I’m 100% anxious while working on stuff. Like trying to draw James’s face right… will they like this? Is he mean enough? I have noticed that the more art that’s out, with every show having a different artist now, it’s a driver for me to do a little bit more. Some of the stuff I used to do was very simple, but now, with other people’s stuff out there, I’m more competitive with myself. I want to do something above what I did last time.

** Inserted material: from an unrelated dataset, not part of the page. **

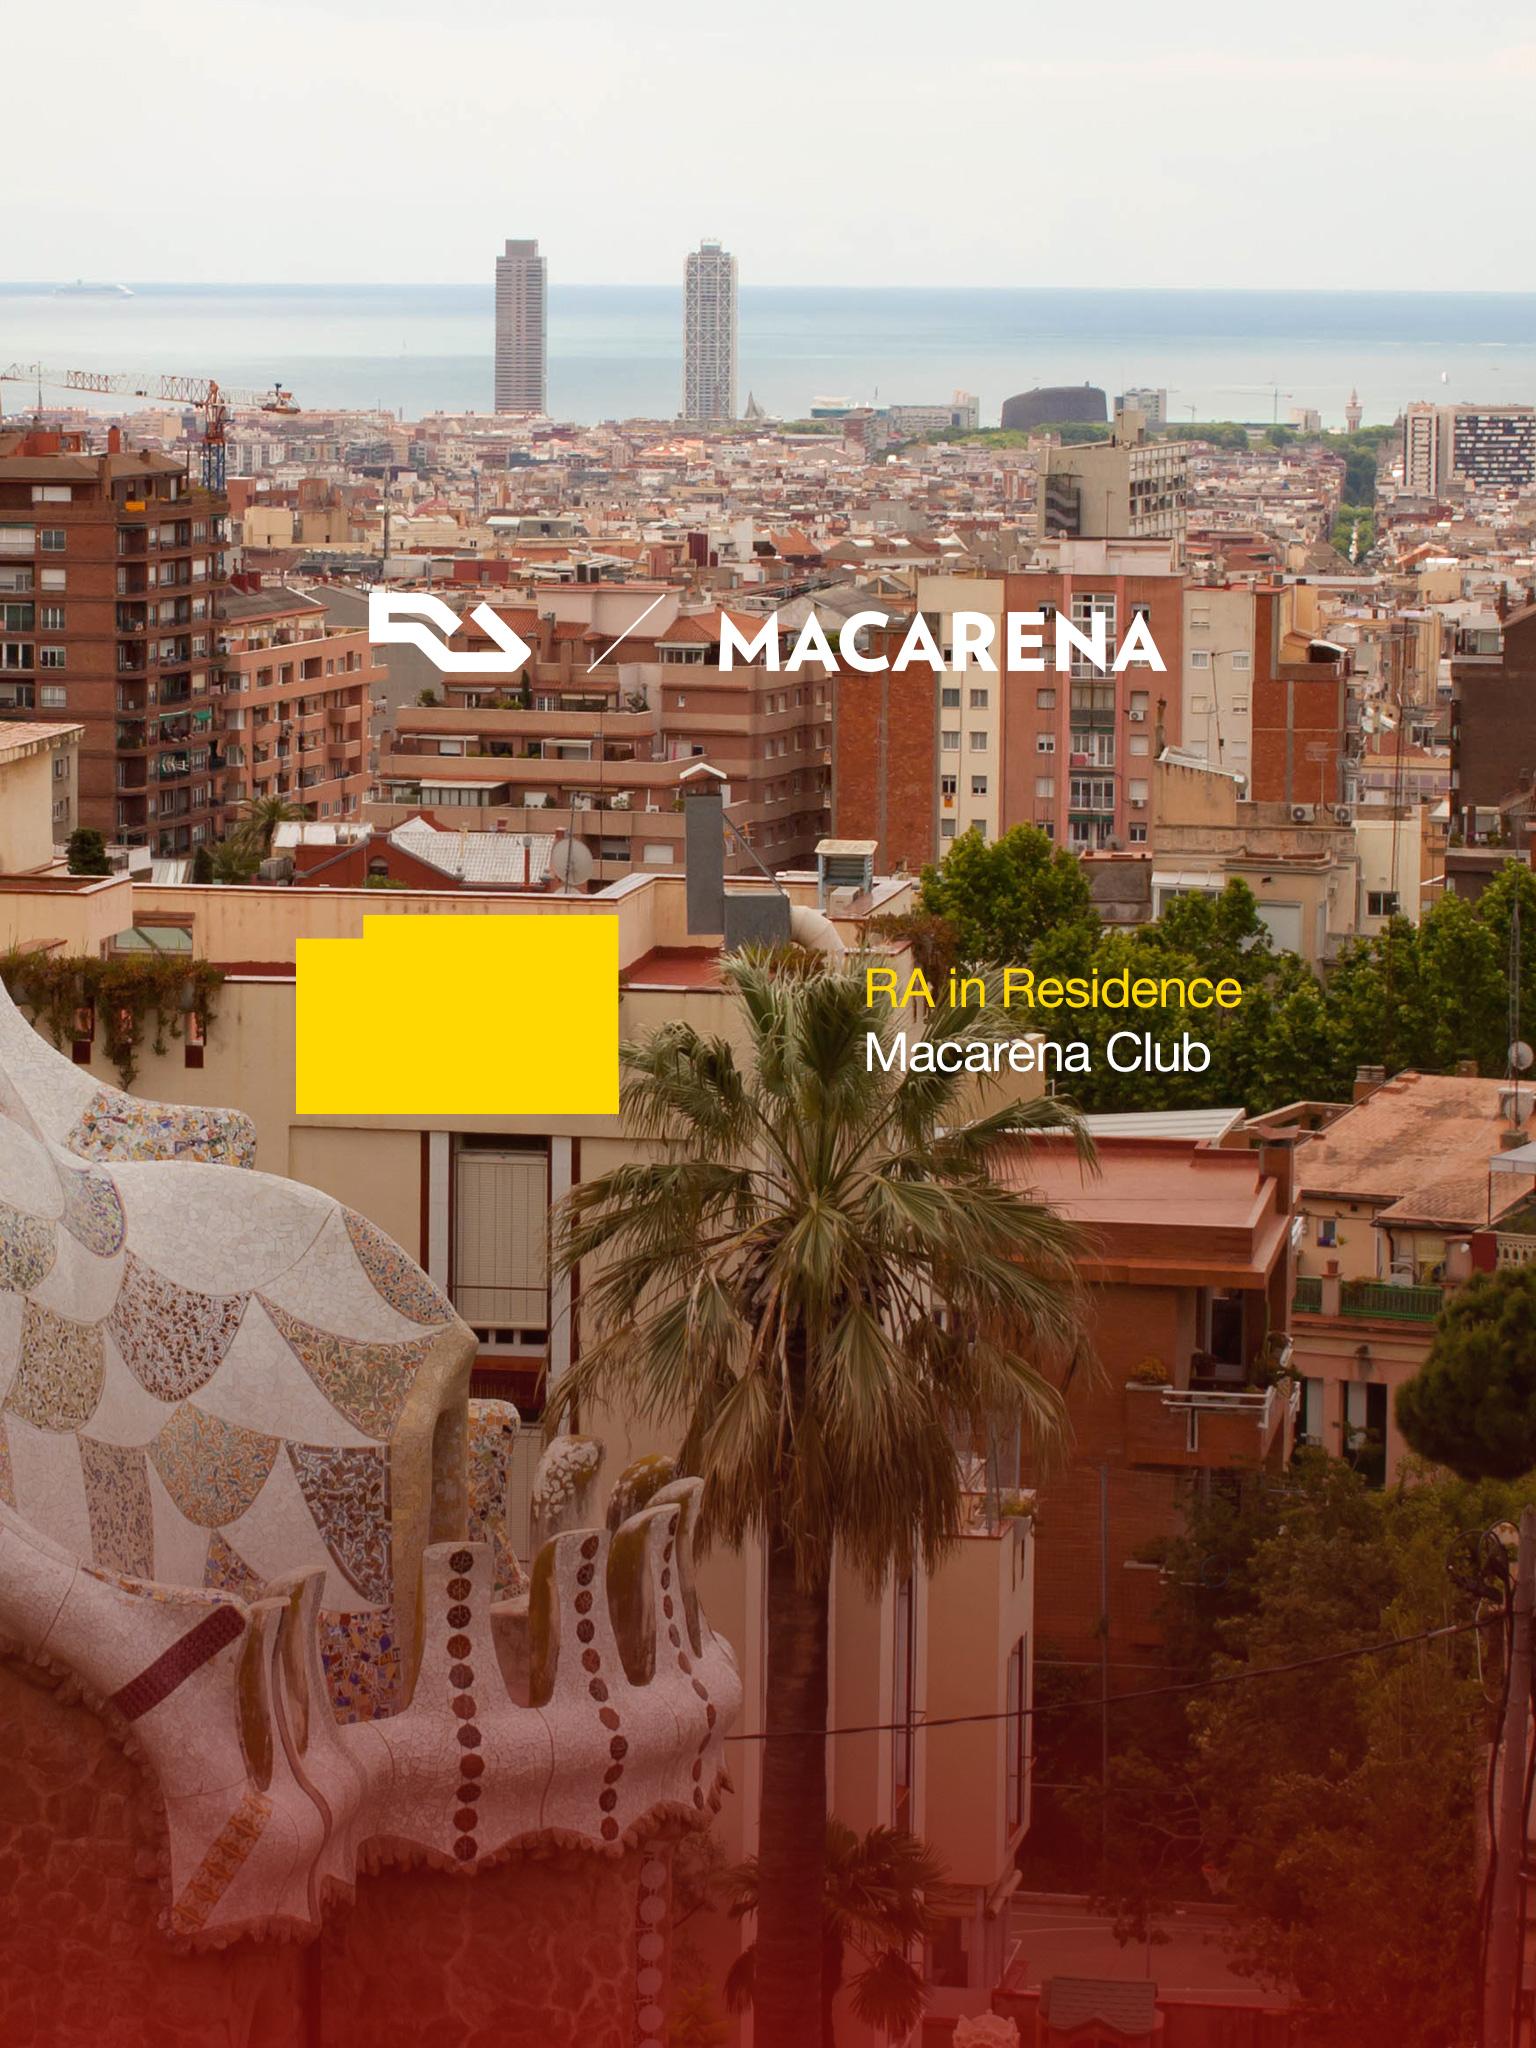 RA In Residence: Macarena Club

INSPIRATION WHEN CREATING METALLICA PIECES

The lyrics definitely help. While drawing for any band, I listen to the band as much as possible to get it right. With the 72 Seasons album, there’s so much in it that is drawable. For the most part, I get management messages asking for me to come up with something new and maybe a hint of an idea, which is helpful to a point. And I don’t do pieces specifically for, say, a t-shirt or a poster. The art is the motivator, not how it’s being used. Sometimes, you have to be specific, like if it’s a guitar pick design, then I know it will have to be tight and a little more graphic so it can be seen. Otherwise, I do the piece first and then figure out how to fit it to whatever.

FAVORITE METALLICA PIECES

I really like the original four guys one just because it was what got me in, but the “Jump In The Fire” guy from the Hollywood, FL, gig [November 2022’s Celebration of the Lives of Jonny & Marsha Zazula – ED], when I saw that one onstage, that kind of just blew my mind because it was so… I mean it’s basically their character that I just redrew a little bit and put my tweak on, but seeing him that big at that show was epic for me.

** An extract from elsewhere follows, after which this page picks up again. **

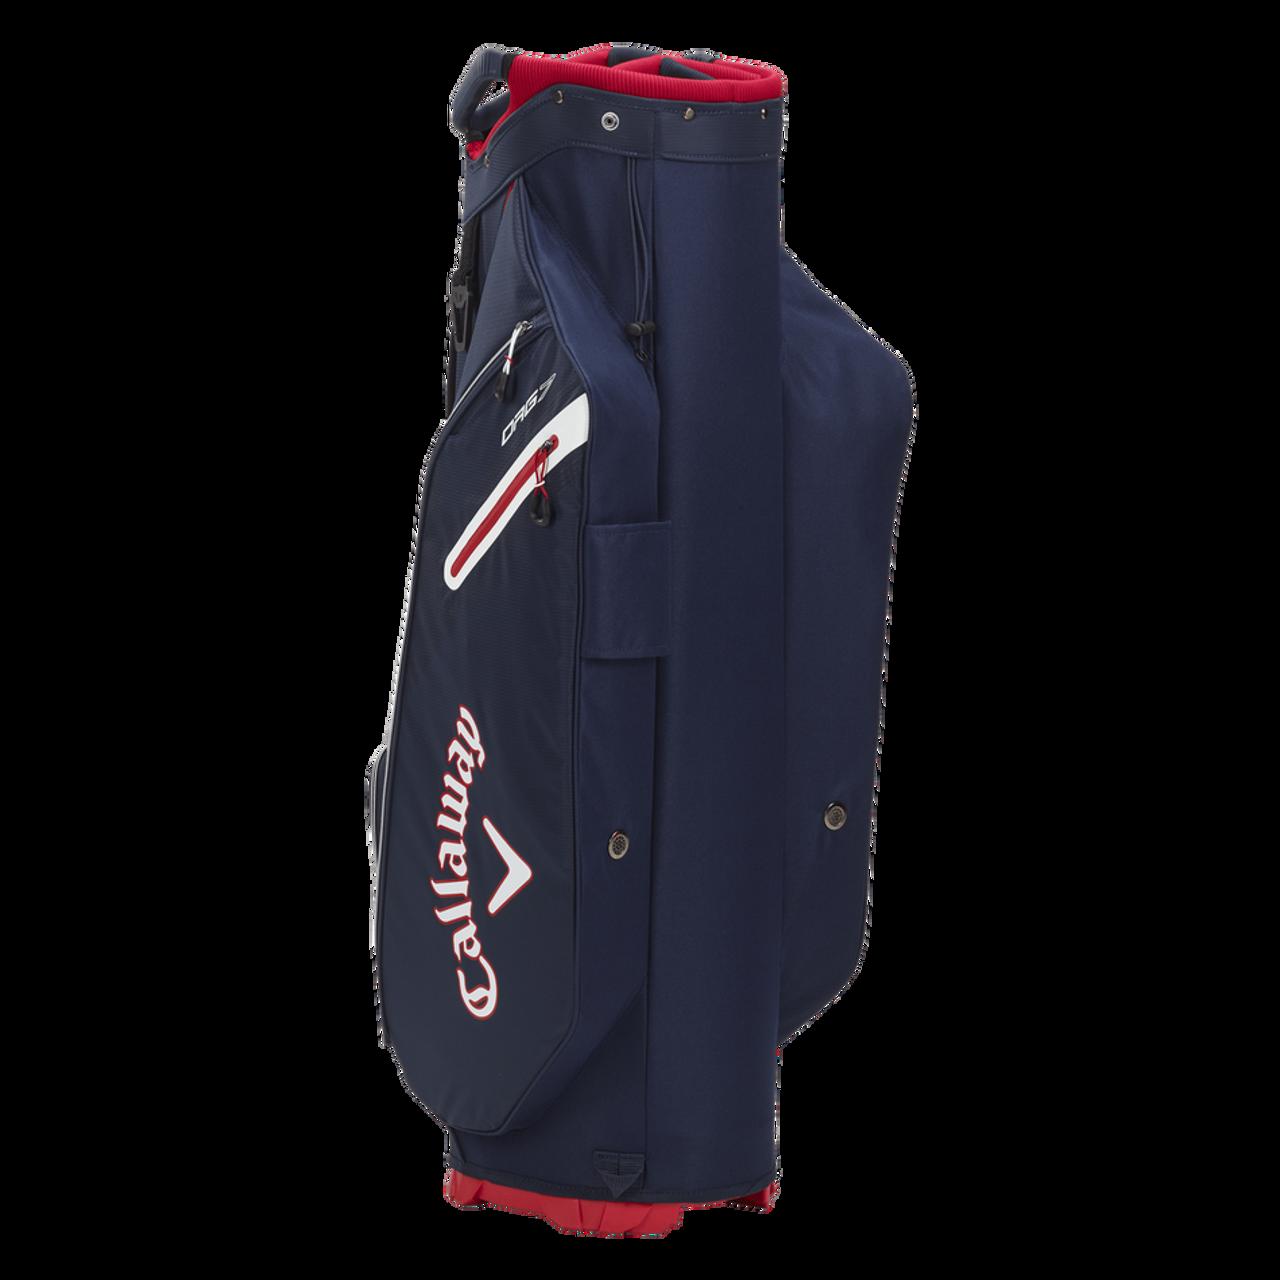 Callaway Org 7 Cart Bag 2021 - Navy / Red / White

THE IMPORTANCE OF DOGS & STEVE

When me and Wendy moved up to the mountains, we got this dog, Shay. She was a shepherd-husky mix, a little fur ball covered in fleas, and that dog just destroyed us. Your heart just melted. Her little eyelashes flickered up at us, and we were done. She had puppies, so we kept two of those, and they were three maniacs. Our friends called them the Bumpus Hounds (from A Christmas Story) because they were just maniacs. People would come over, and they’d just barrel through the door, these 60-70-pound dogs. Maniacs! But they all passed away within a year and a half; it was kind of sudden, and it broke us completely. So we bought a panel truck and just… I couldn’t stand being in the house, so we drove cross-country. We made a couple of trips to Texas in the truck, just not to be home. Later, at that same house, I befriended a chipmunk! I would go out every day with peanuts in my hand, and this chipmunk would just keep coming up. I’d put my hand on my chest; he would sit on my hand, look out at the world, and eat peanuts. That was Steve the Chipmunk, and even though we moved to Florida and I couldn’t bring him, he is still well looked after by our old neighbors. And we did end up getting another dog last year, a German shepherd maniac called Bunny, who is 65 pounds now and spoiled like you wouldn’t believe… but we wouldn’t have it any other way!